Is it possible, even imperative, today to think about these apparently aberrant but proliferating forms, formulations, slippages and deceptions not in terms of departures from or falling short of the norm-as exploitation, say, or corruption, alienation or profanation; as malformed or misshaped; as misstated or missing their mark or as out of time or of a time gone or before its time, or out of touch even with reality? But as evidence, insight into-more than symptoms but perhaps that too--how the norms and paradigms, the ordinary and everyday, are in the process of morphing from one set of singularities and what they are morphing to, towards? Here the slippages may reveal between the gaps and creases something otherwise unseen about the directions or workings or effects--the processes--of social arrangement and their implications, their angles. Not just the extraordinary and unusual in the everyday but its other ordinariness, its unseen, unregistered, and taken-for-granted usualness shaping ordinary life.

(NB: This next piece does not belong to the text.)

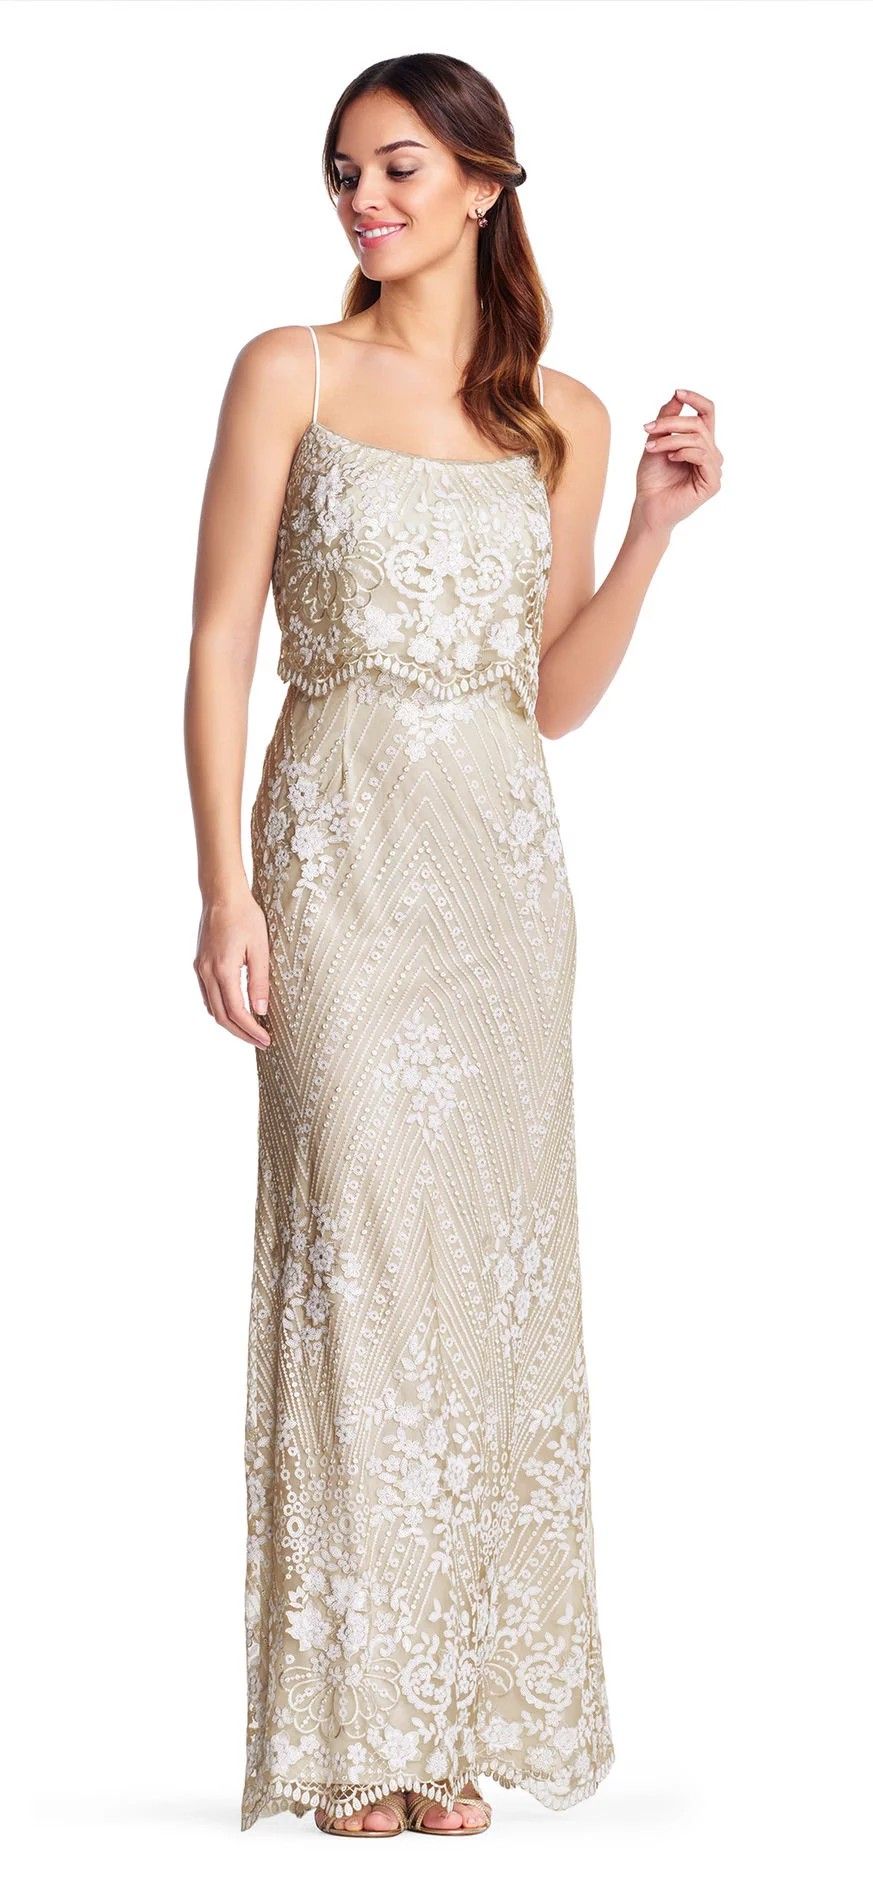 (Unworn) Adrianna Papell/BHLDN Arden Dress - embroidered sequin dress - wedding prom formal gown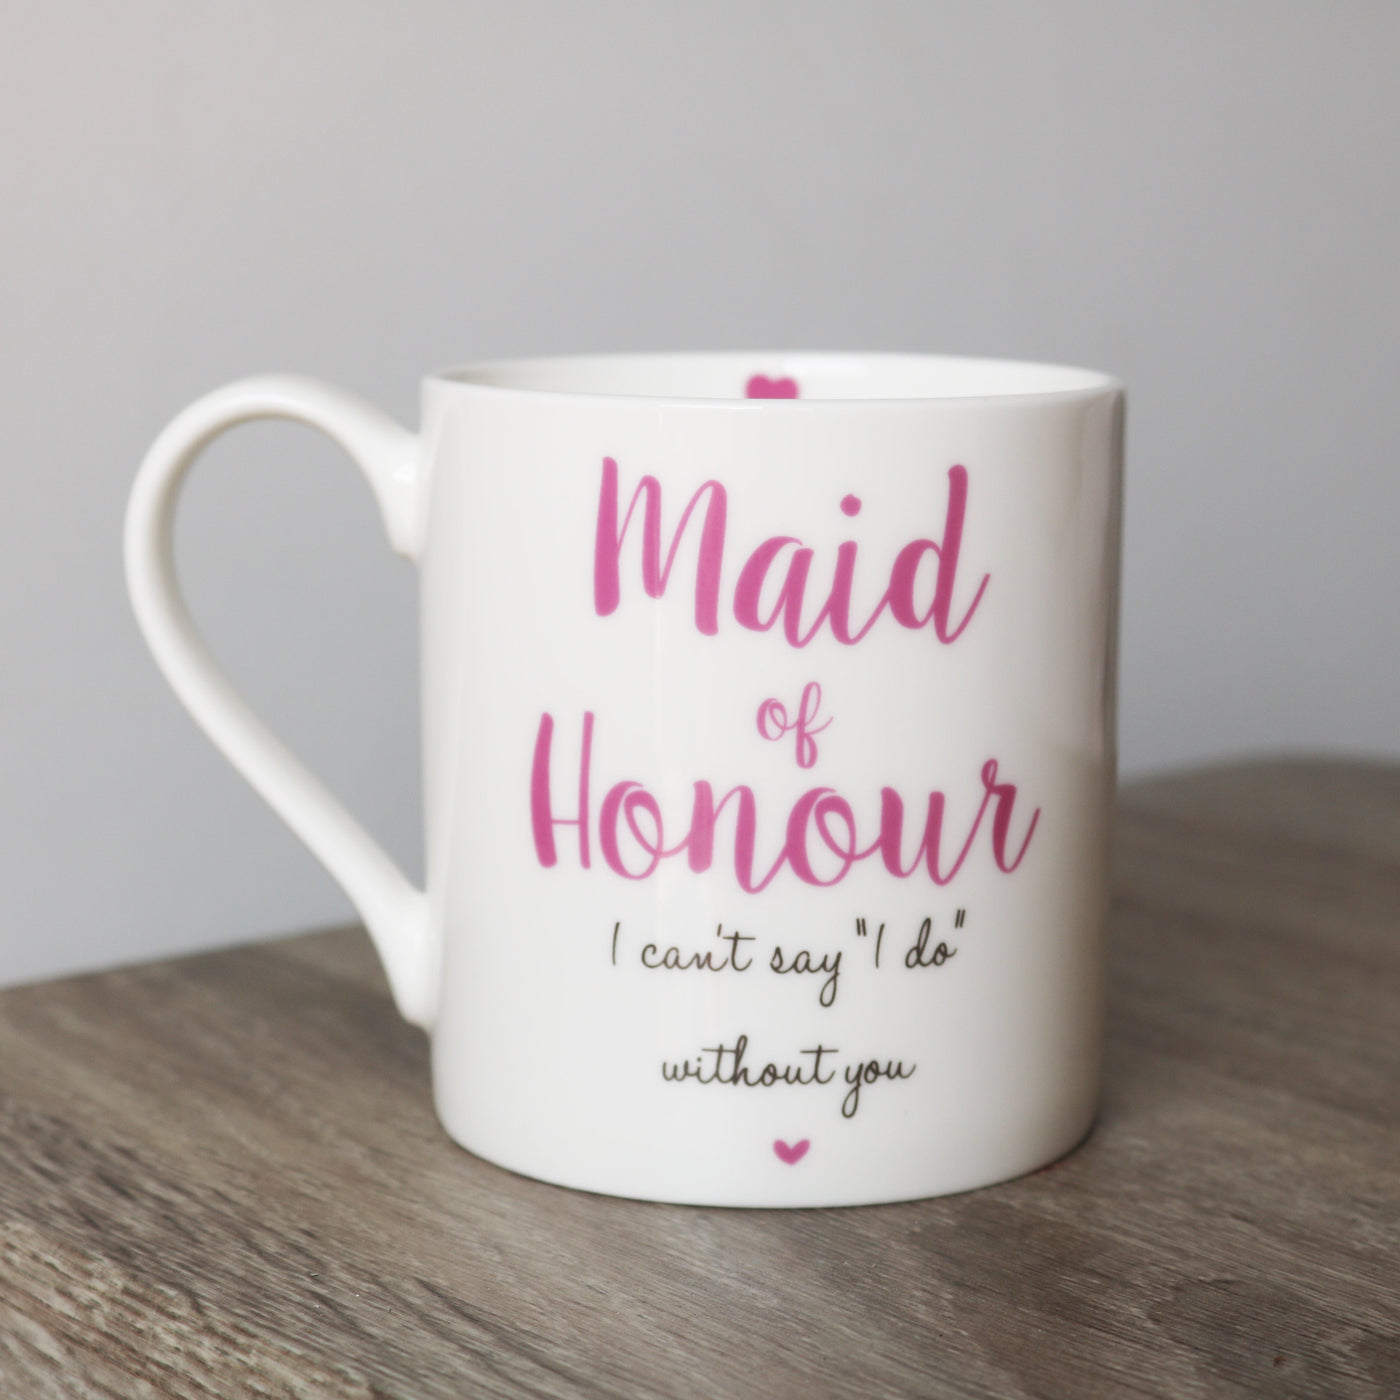 Maid of honour mug

Might it be that some sites-those less conventionally bounded in the ways the examples cited suggest--make it possible more readily to recognize that there is no (longer a) future, as once we knew or had come to expect it [S 24]? That just might be the impact-the effect and affect-of living in a critical condition. The proliferating-endless? eternal?-repetitions dis-appoint not only in dashing the prediction of the yet to come but also in the sense of spawning the refusals of the deadening drudgery, invigorating spaces however fleeting not reducible to the assimilative. [S 25]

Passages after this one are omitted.